German laws empower copyright holders (and legal firms representing them) to obtain the personal details of users who break copyright law. Once they identify a suspected culprit, legal firms contact the person with an 'Abmahnung' letter. These letters include details of the alleged violation(s), a form letter for the recipient to sign which admits their guilt and promises not to do it again, and a sizeable bill for the investigation that has taken place. Finally, the letters also threaten court proceedings if the recipient should ignore them. 


  • Don't watch, listen to, stream or download anything illegally! 

  • If you do receive an Abmahnung letter, seek advice at the IO of your host university immediately to minimise the damage. 


At German universities, there is a zero-tolerance rule for plagiarism.
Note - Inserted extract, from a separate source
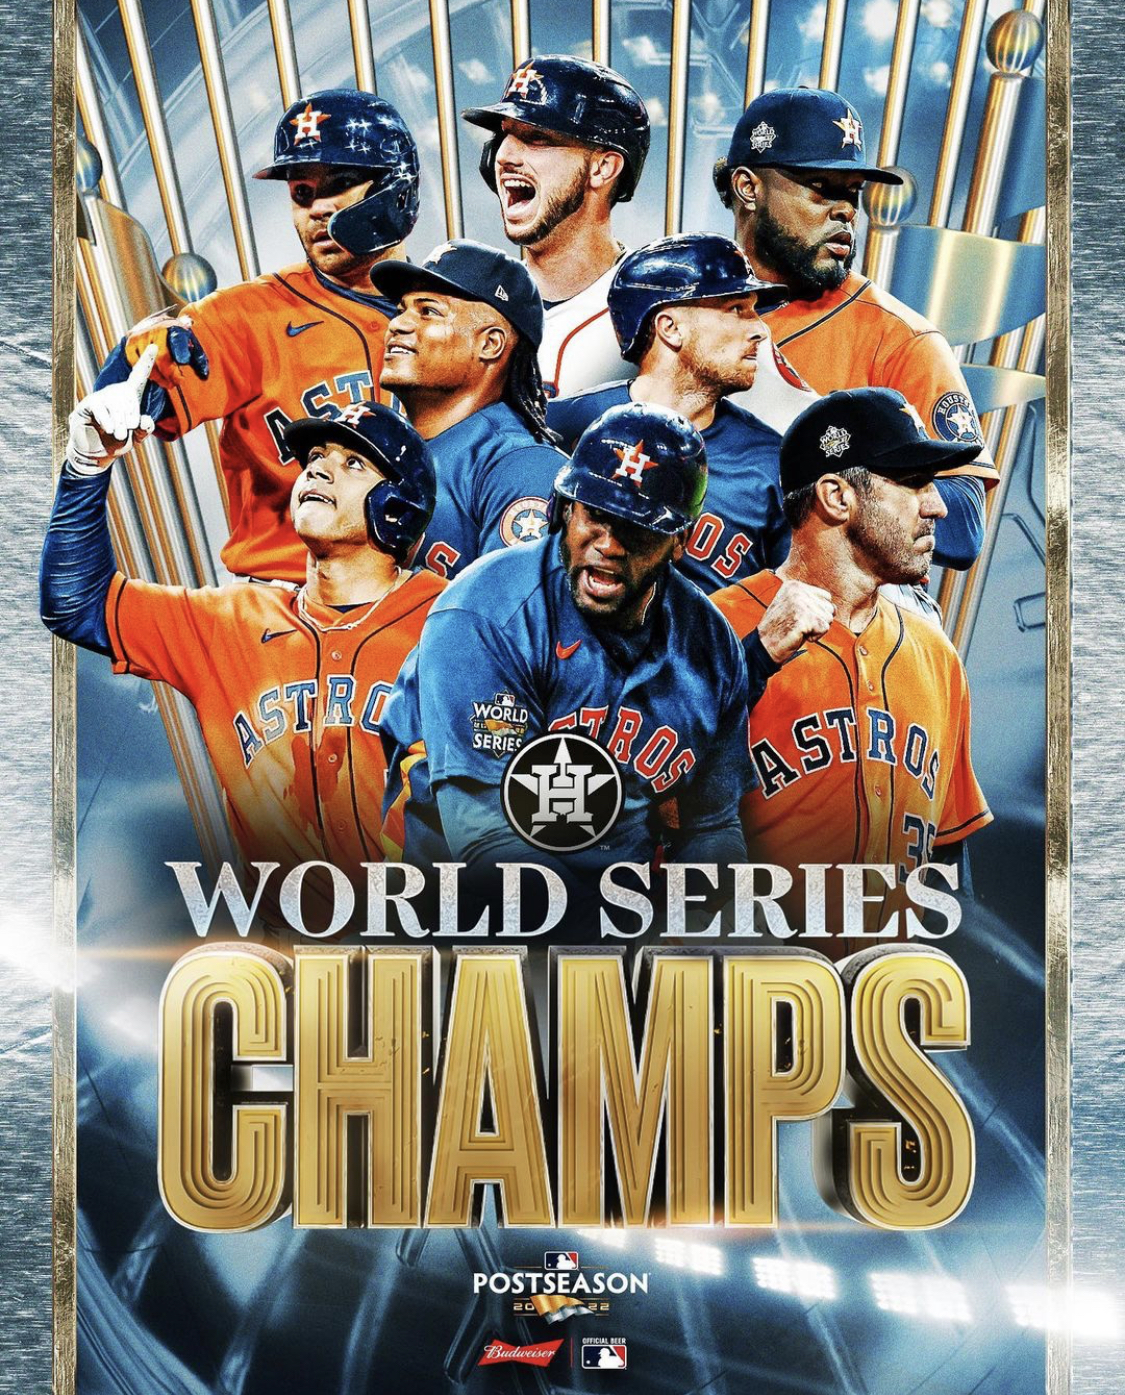 Astros' World Series run immortalized in team documentary

Teaching staff at your host university will make use of automatic plagiarism checkers to verify that the work you submit is yours. It is therefore important that you seek advice beforehand if you are unsure about citation rules so as not to accidentally produce any text without citing your sources. 

Work that is found to be plagiarised is automatically valued as a fail and can lead to expulsion from the university. 

Quiet periods: 

In Germany, states and communities can define 'Ruhezeiten' (quiet periods). Furthermore, federal laws restrict the times during which certain machines (including noisy devices used for garden maintenance) can be used. 

You should check whether the house you are living in has defined quiet periods during the day as part of the house rules. These should be observed in addition to the general quiet periods. 

The Germany-wide general quiet periods are: 

  • From 10pm to 6am (or 7am in some areas). This is the so-called 'Nachtruhe' (night time quiet period) 

  • All day on Sundays and public holidays 

During quiet times, any noise should be limited, meaning no sound from your home should be audible from outside. This includes things like vacuum cleaners, washing machines, TV sets, or lawnmowers. Some people call the police over noise disturbances during quiet times.

Disclaimer: All the information given above is not legally binding and is subject to change.